Elsewhere, the ice provides a sanctuary for different organisms. Ice algae, which help form the critical foundations of the food web, cling to the base of the ice cover. Whitefish, which are highly valued for commercial fishing, rely on ice as a protective buffer in spawning areas, scientists say.
In shallow areas, where whitefish scatter their eggs, the ice dampens wave action. A lack of ice could potentially affect their ability to reproduce.
“It could mean low recruitment, meaning a lot less whitefish entering into the population because they weren’t able to survive,” Murchie said.
The surging waves could also wreak havoc on beaches and bluffs, eroding the shore and even increasing flooding. Chicago is battling erosion and unpredictable lake levels on its 26 miles of public shoreline
.According to a 2021 study, between 2012 and 2019 the Chicago shoreline lost an average of nearly half the parts of its beaches that were not submerged.
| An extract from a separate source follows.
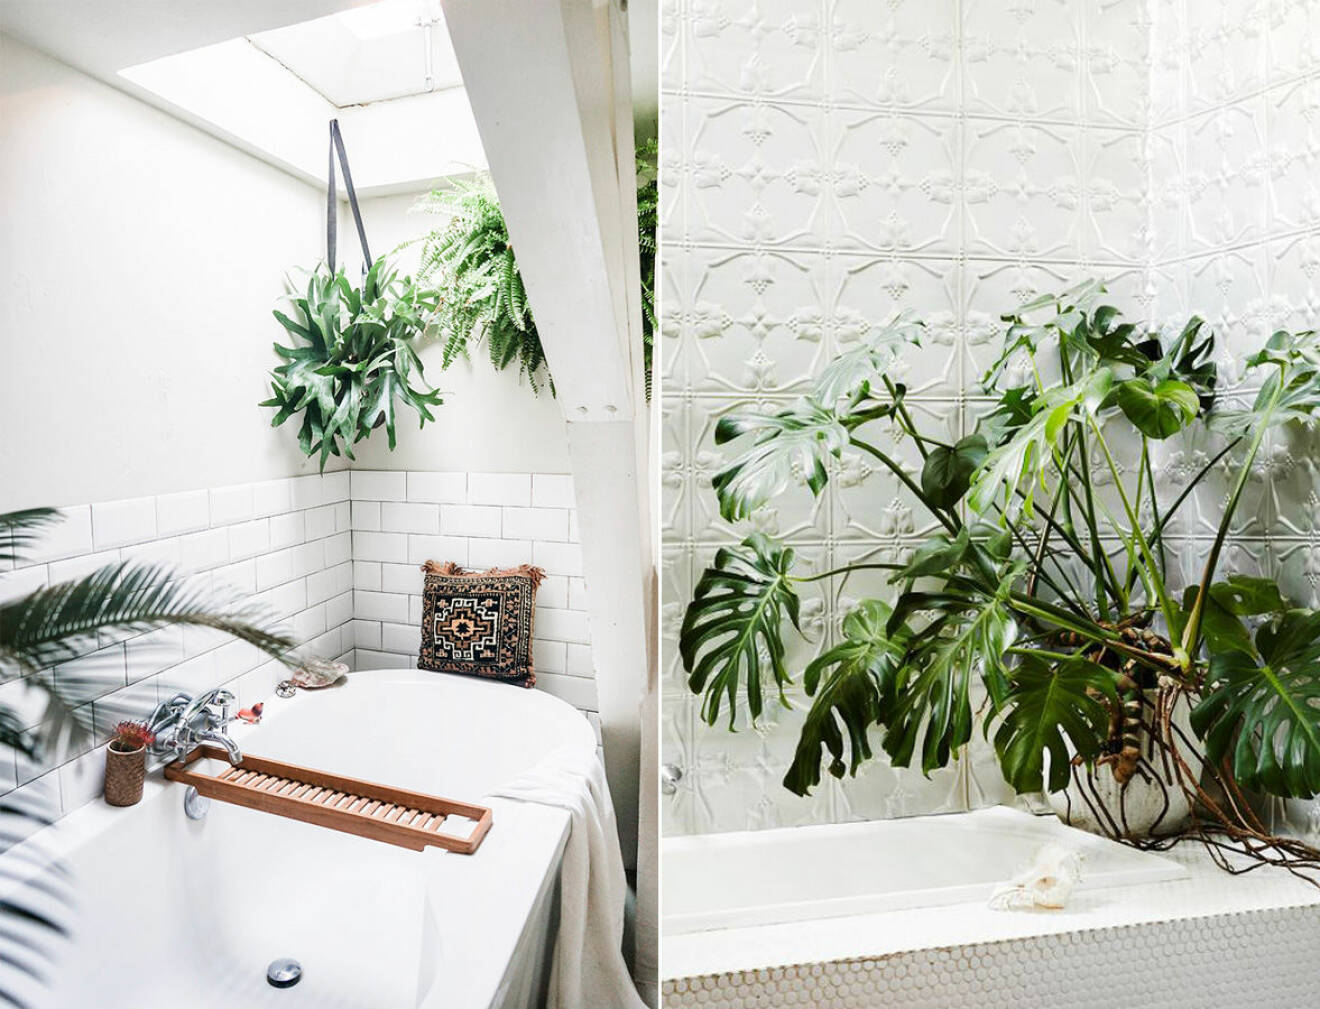 Inred badrummet med växter.

In January 2020, severe storms and high lake levels created one of the biggest threats to Chicago beaches in years, causing an estimated $37 million in damages.
“Ice essentially dampens high waves,” said Ayumi Fujisaki-Manome, an associate research scientist at the Cooperative Institute for Great Lakes Research at the University of Michigan, a collaboration with NOAA. “If you lose that ice protection, the shoreline will be exposed to high waves, so that in that sense, it’s true that loss of ice cover will lead to coastal erosion.”
What’s needed now, scientists say, is more research. Only when the ice cover is fully understood can solutions be implemented, scientists say.
“We probably need more investment to understand the net impact,” Fujisaki-Manome said.
Back at Rosewood Beach, Ricketts surveyed her surroundings: the gentle stream, the clear blue lake and a mound of granite slabs encircling the beach. The rocks were part of a 2015 renovation project aimed at reducing erosion on the lake bluffs.
“This is like a significant, unique ecosystem, which is threatened by wave action,” Ricketts said. “And without those ice formations, which are protecting the soil on our slopes, they are vulnerable.”
So many of the beach’s looming threats seemed to tie back to ice, she said. Changing migratory patterns, erosion, unpredictable water levels.
Often, she’s struck by the seeming inevitability of it all. “You can kind of get back in a mind space of like, ‘Are we doing enough?’” Ricketts said. “I don’t know.”